Esta
historia tiene tres partes:
Dedicatoria:
A mi mejor amiga
Agradecimientos:
Gracias
a Anita, por ser amiga, por ser crítica, por leer esta historia trescientas
veces y ayudarme a mejorarla, por animarme a seguir
Y la propia historia…
CILLA
No recuerdo mi vida antes de ser
abandonada. Solo consigo evocar los días en que caminaba por el arcén de una
carretera solitaria con mi madre, sin saber a dónde ir, sin saber qué comer ni
qué beber.
Hacía calor; era verano y haría días
que no llovía, porque el suelo estaba árido y seco. Ni una brizna de viento
conseguía alejar la insoportable idea de que nos estábamos muriendo de hambre y
sed.
Mi madre era joven, y en sus ojos se
reflejaba el dolor de quien lo pasa verdaderamente mal en la vida. Cada día que
pasábamos a la intemperie, ella se esforzaba lo inimaginable por encontrar
humedad en la tierra, algún insecto que tragar, algo con lo que sobrevivir. Si
alguna vez descubría algo que se pudiera comer, siempre me lo daba a mí
primero, y era consciente de que no aguantaríamos mucho tiempo encerradas en
aquella insulsa rutina. Yo, en cambio, era muy pequeña para darme cuenta de lo
que sucedía.
De aquellos días nefastos, solo la
recuerdo a ella.
Una mañana, apareció una furgoneta. De
ella se apearon dos hombres muy cerca de donde nos habíamos escondido, detrás
de unas malas hierbas. Se aproximaron lentamente, pero no teníamos fuerzas para
iniciar una huida precipitada, así que nos dejamos atrapar, resignadas.
Instantes después, nos encontrábamos instaladas en la parte de atrás del
vehículo, el cual empezó a vibrar mientras se desplazaba, provocándonos un
mareo irremediable que nos duró todo el trayecto hasta quién sabe dónde.

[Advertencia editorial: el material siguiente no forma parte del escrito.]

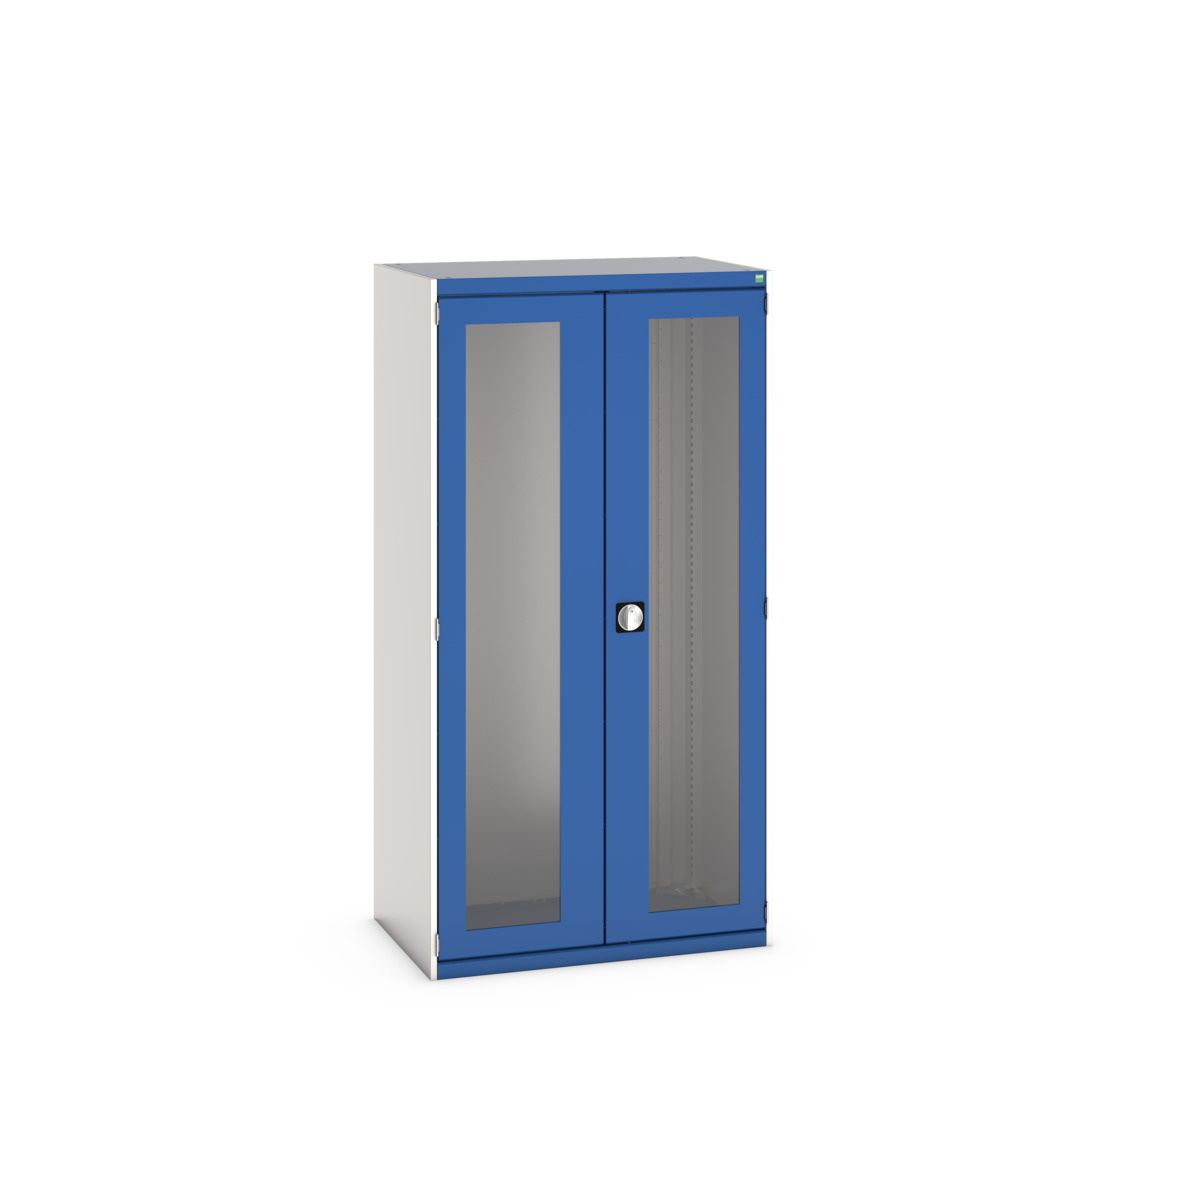 40013023.11V - cubio cupboard

Cuando llegamos, los hombres nos
condujeron amablemente y con cuidado, para no hacernos perder el equilibrio (ya
que nuestras vísceras seguían dando vueltas dentro de nuestro cuerpo), hacia un
jardín vallado, y allí nos dejaron solas hasta que, poco después, apareció una
mujer que nos trajo comida y agua. Bendita bondad, pensé.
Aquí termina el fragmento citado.